In the second stage, the NRDEA model includes M desirable outputs (here: goods received and goods forwarded) \(y = \left( {y_{1} , \ldots ,y_{MK} } \right)\) and J undesirable outputs (here: total energy consumed per ton of volume throughput)\(u = \left( {u_{1} , \ldots ,u_{JK} } \right)\) of the first stage, representing desirable and undesirable inputs of the second stage (i.e., intermediate measures), and I desirable outputs (here: total number of vehicles/trucks) \(z = \left( {z_{1} , \ldots ,z_{IK} } \right)\) and T undesirable outputs (here: total emissions produced per year) \(v = \left( {v_{1} , \ldots ,v_{TK} } \right)\) of the second stage.

$$\theta_{k}^{{{\text{centralized\_2}}}} = min W_{m} \frac{1}{M}\mathop \sum \limits_{m = 1}^{M} \theta_{n}^{2} + W_{j} \frac{1}{J}\mathop \sum \limits_{j = 1}^{J} \theta_{j}^{2} + W_{t} \frac{1}{T}\mathop \sum \limits_{t = 1}^{T} \theta_{t}^{2}$$
(44)

subject to:

$$\mathop \sum \limits_{k = 1}^{K} \lambda_{k} y_{mk}^{1} \le \theta_{n}^{2} y_{m1}^{1} \;\quad m = 1,..,M.$$
(45)
$$\mathop \sum \limits_{k = 1}^{K} \lambda_{k} u_{jk}^{1} \le \theta_{j}^{2} u_{j1}^{1} \;\quad j = 1,..,J.$$
(46)
$$\mathop \sum \limits_{k = 1}^{K} \lambda_{k} z_{ik}^{2} \ge z_{i1}^{2} \;\quad k = 1,..,K.$$
(47)
$$\mathop \sum \limits_{k = 1}^{K} \lambda_{k} v_{tk}^{2} = \theta_{t}^{2} v_{t1}^{2} \;\quad t = 1,..,T.$$
(48)
$$\lambda_{k} \ge 0\;\quad k = 1,..,K.$$
(49)
$$\theta_{k}^{2} \le 1$$
(50)
$$\sum W_{m} + W_{t} + W_{j} = 1.$$
(51)

The proposed two-stage NRDEA model allows the inefficiency of individual DMUs in each of the two stages to be determined, but it’s also possible to evaluate the entire process. The two-stage NRDEA model proportionally and simultaneously reduces the number of desirable and undesirable inputs to the first stage, which in turn are desirable and undesirable inputs to the second stage (i.e., intermediate measures), and the undesirable outputs to the second stage as much as possible for the given level of desirable outputs. The efficiency score of each stage (i.e., EE of sea-side and EE of port-side), i.e., \(\theta_{k}^{{{\text{centralized\_1}}}}\) and \(\theta_{k}^{{{\text{centralized\_2}}}}\), and the total efficiency score, denoted as \(\theta_{k}^{centralized}\), can be in the interval between 0 and 1. A DMU with efficiency score equal to 1 is an efficient DMU. A DMU with an efficiency score closer to 1 has better efficiency and can reduce more desirable inputs, intermediate measures, and undesirable outputs. Moreover, the efficiency score can be determined and regulated by applying certain weights (\(W_{n}\), \(W_{l}\), \(W_{j} , W_{m}\), \(W_{t}\)) associated with each of the efficiency scores (\(\theta_{n}\), \(\theta_{l}\), \(\theta_{j} , \theta_{m}\), \(\theta_{t}\)). In the two-stage NRDEA model, the sum of the weights should be 1 (i.e., \(\sum W = 1)\).

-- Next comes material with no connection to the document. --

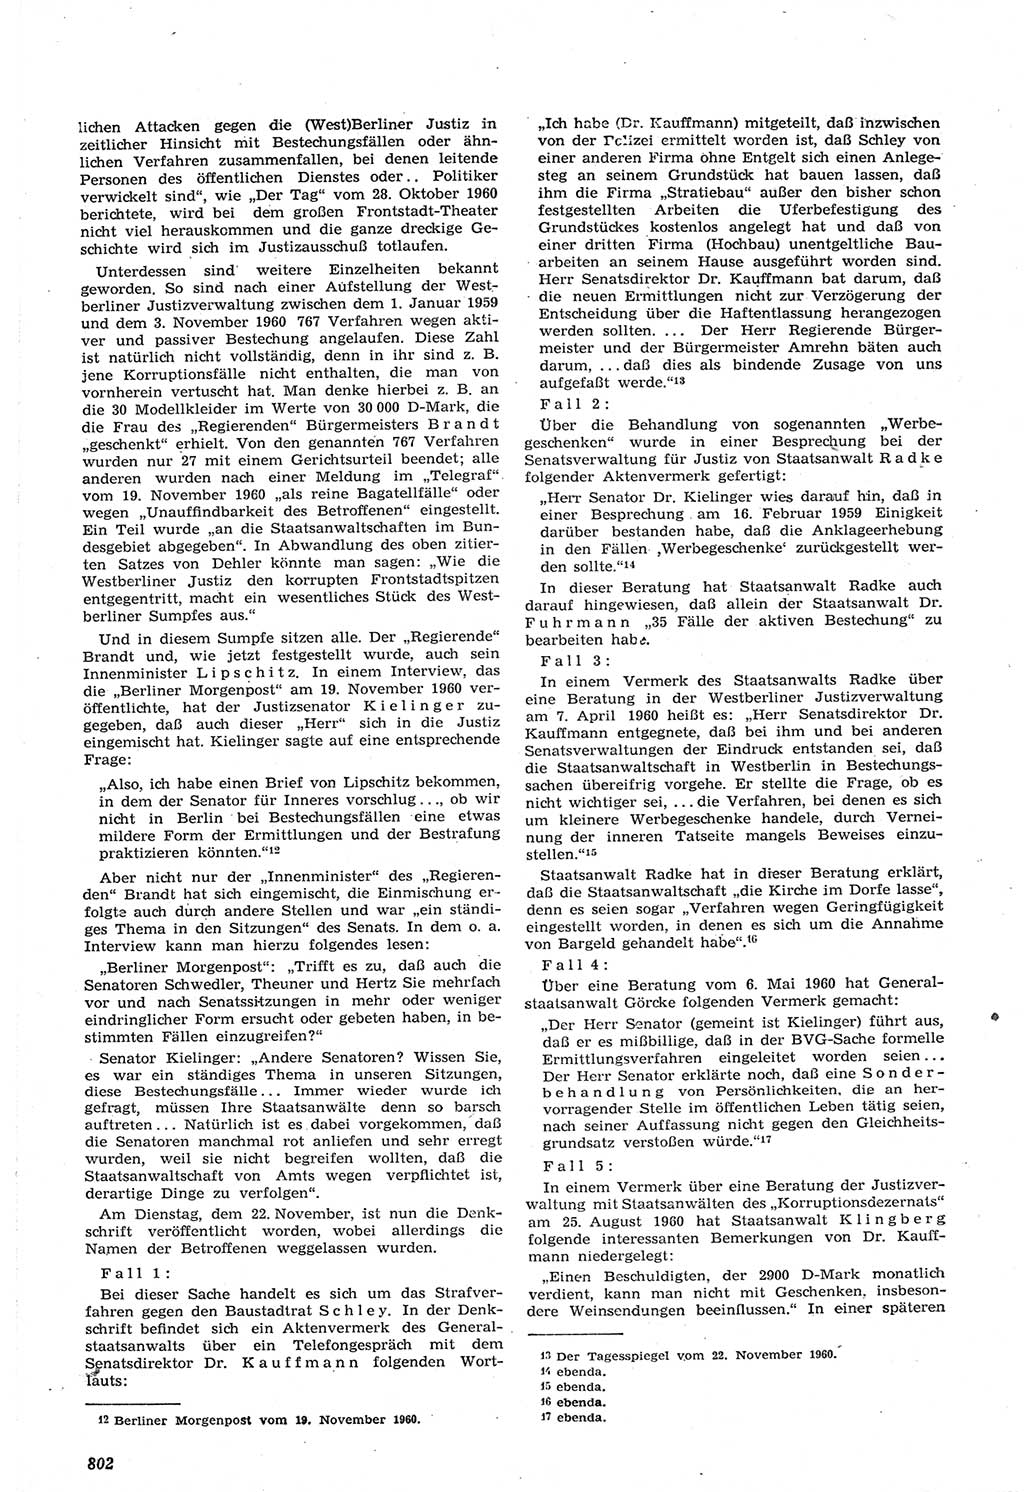 Neue Justiz (NJ), Zeitschrift für Recht und Rechtswissenschaft [Deutsche Demokratische Republik (DDR)], 14. Jahrgang 1960, Seite 802 (NJ DDR 1960, S. 802)

The main advantage of the two-stage NRDEA model is its stronger discriminatory power, which is achieved by the weights of the decision makers and the efficiency scores assigned to the desirable and undesirable inputs, intermediate actions, and outputs. The decision maker weights can be used to determine the priority and degree of desirability of adjustments to the desired and undesired inputs, intermediate actions, and outputs. Because of these advantages, the ranking of DMUs is better recognized, so we don’t need additional ranking methods.

3.4 Case study selection

The ports of Dublin and Koper were selected as case studies. The EE was conducted for these ports for several reasons. The first reason for these ports is that homogeneous data available for all inputs and outputs. Another reason is the argument made in (Chang, 2013) about the characteristics that compared ports should have, and these two ports are quite heterogeneous in terms of handling similar types of cargo. Other reasons for selecting these ports are related to their environmental status, strategies, and concerns.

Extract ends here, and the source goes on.